» **Task requirements**
An exact reproduction of all the data is needed, with no images in it.

Top of Data excerpt

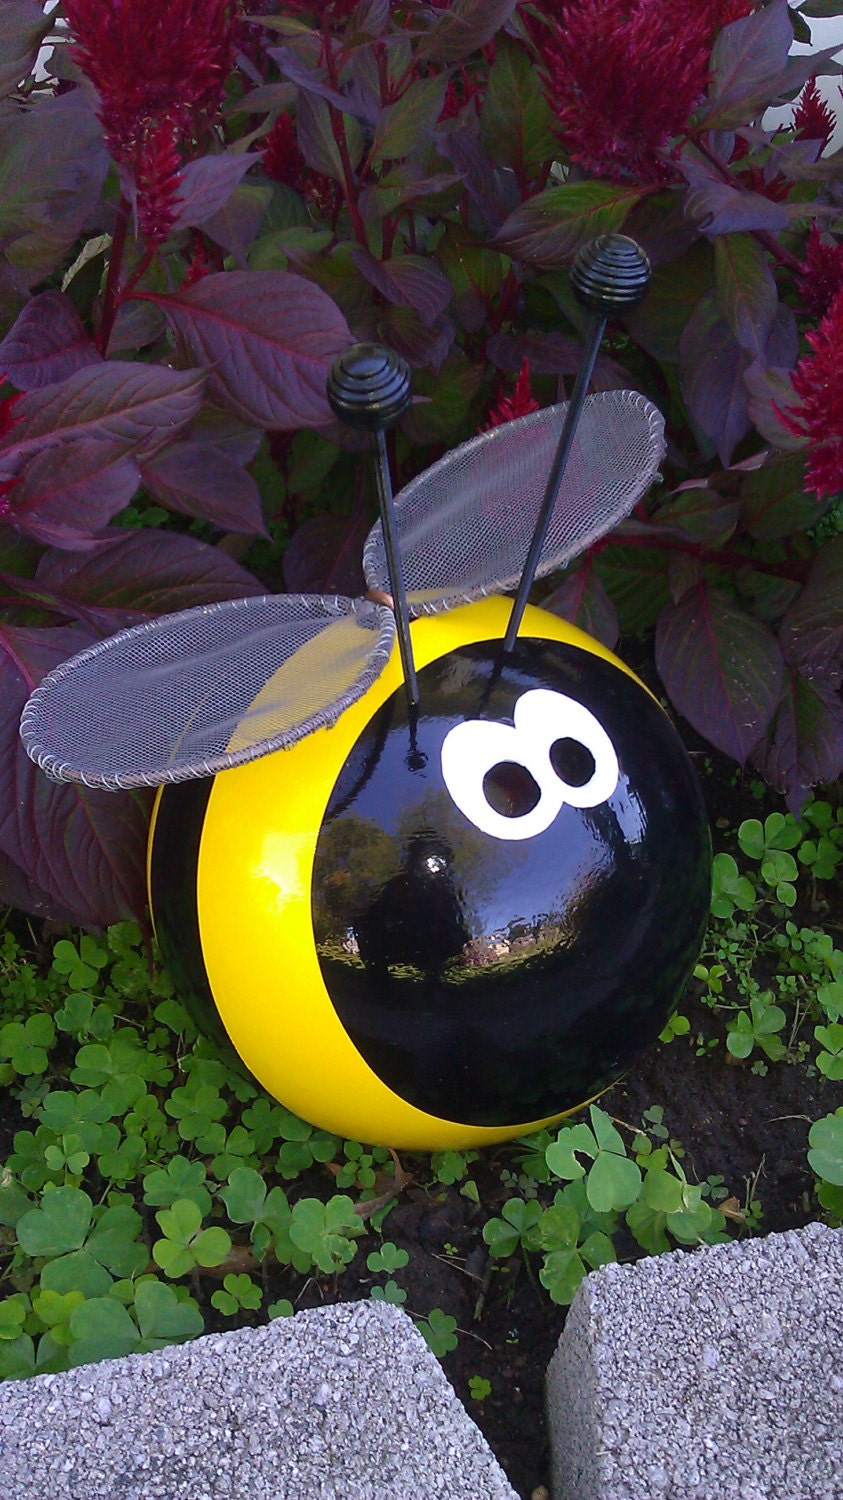 Bumble Bee Bowling Ball Garden Ornament by CraftMeUpSomeFun
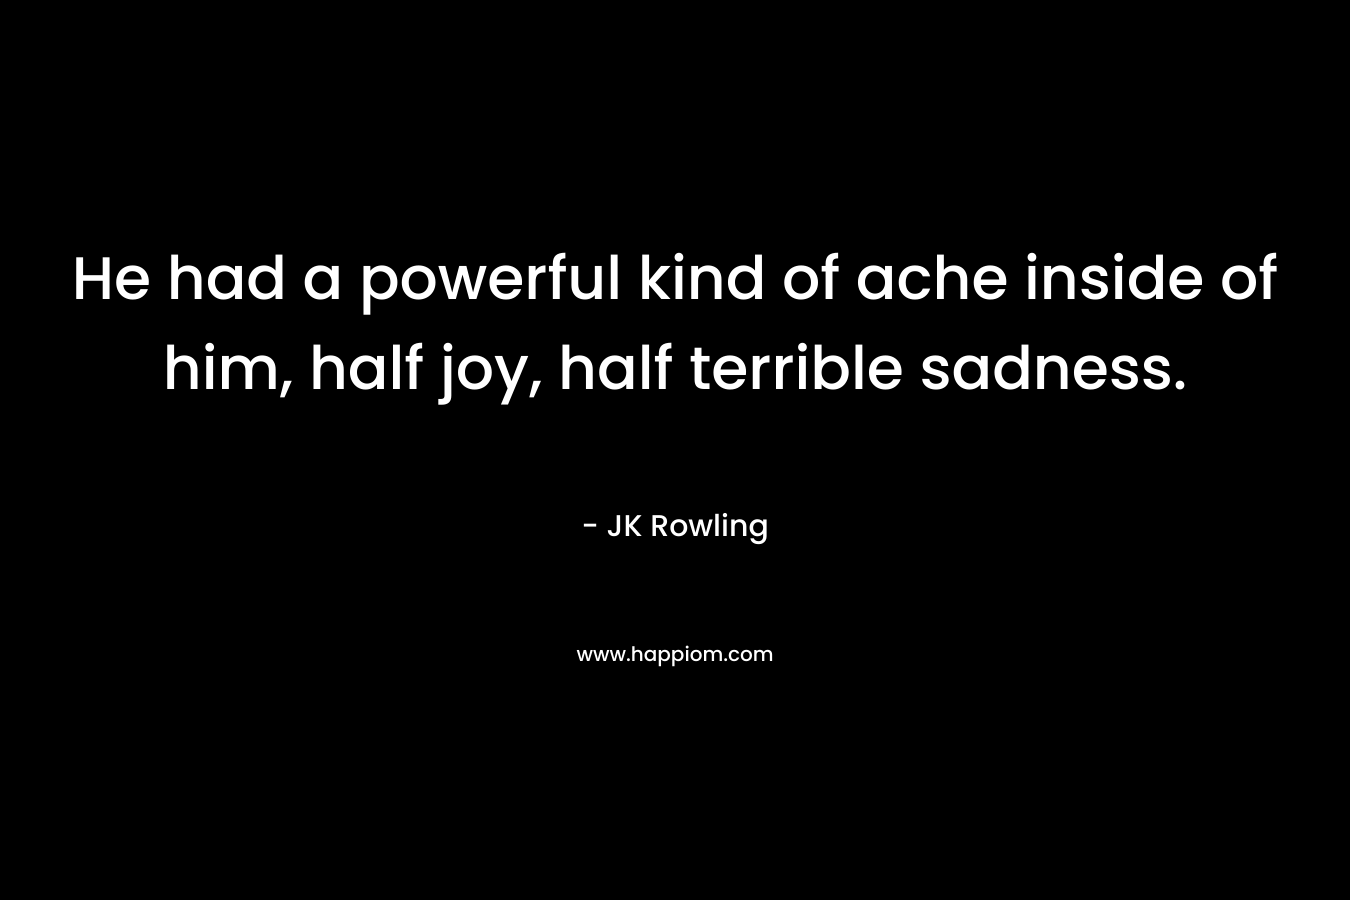 He had a powerful kind of ache inside of him, half joy, half terrible sadness.
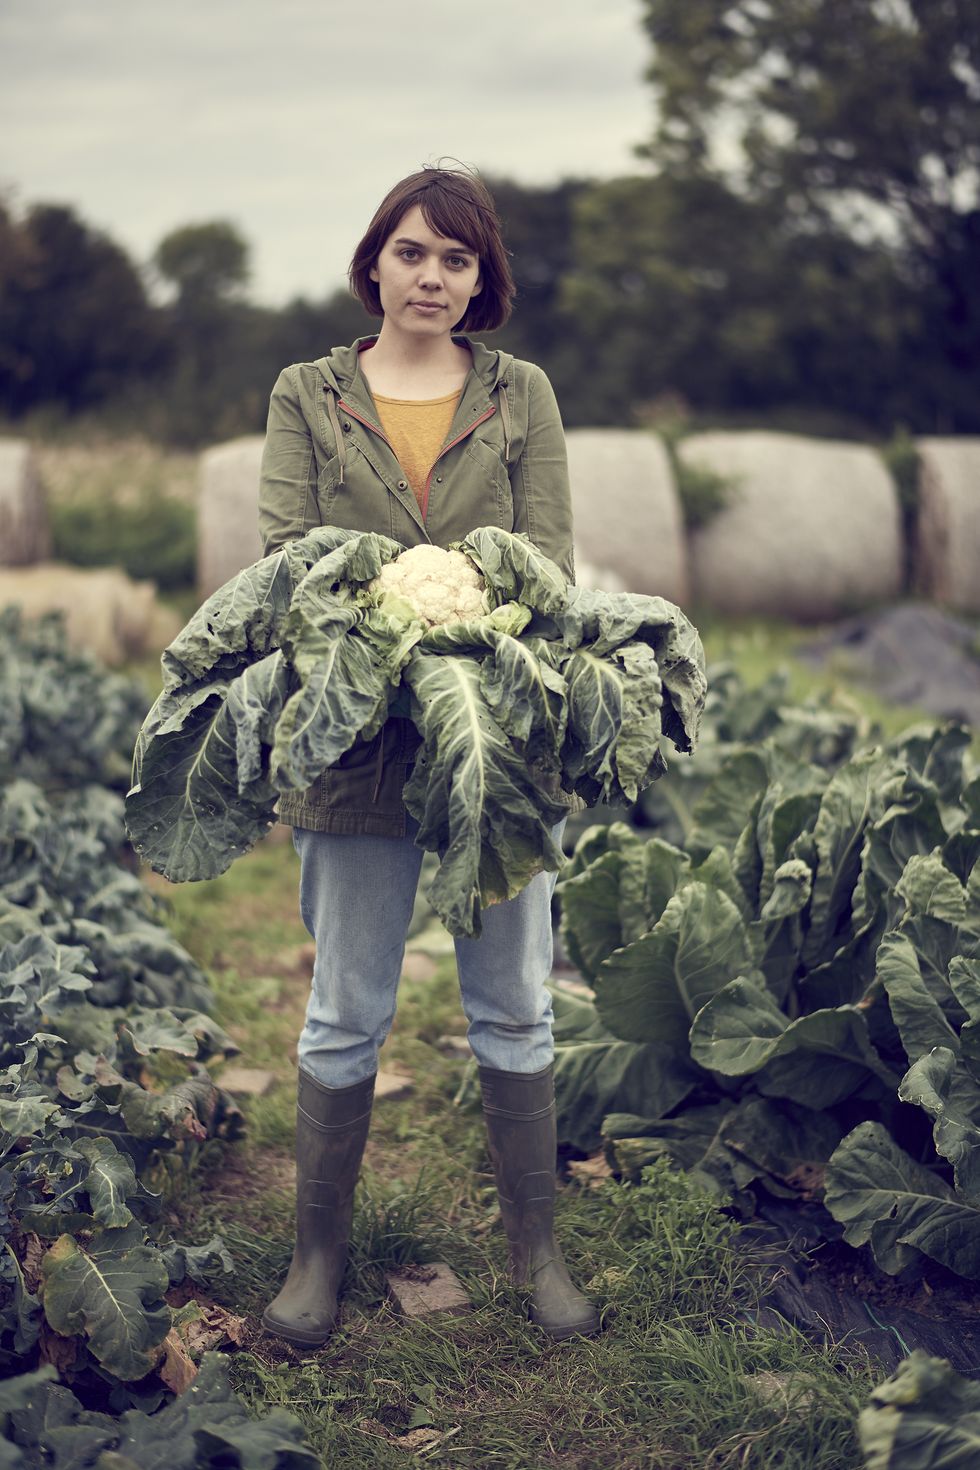 Portrait of young female community farmer holding cauliflower

Bottom of Data excerpt

» **Task output**
 Bumble Bee Bowling Ball Garden Ornament by CraftMeUpSomeFun
 He had a powerful kind of ache inside of him, half joy, half terrible sadness.
 Portrait of young female community farmer holding cauliflower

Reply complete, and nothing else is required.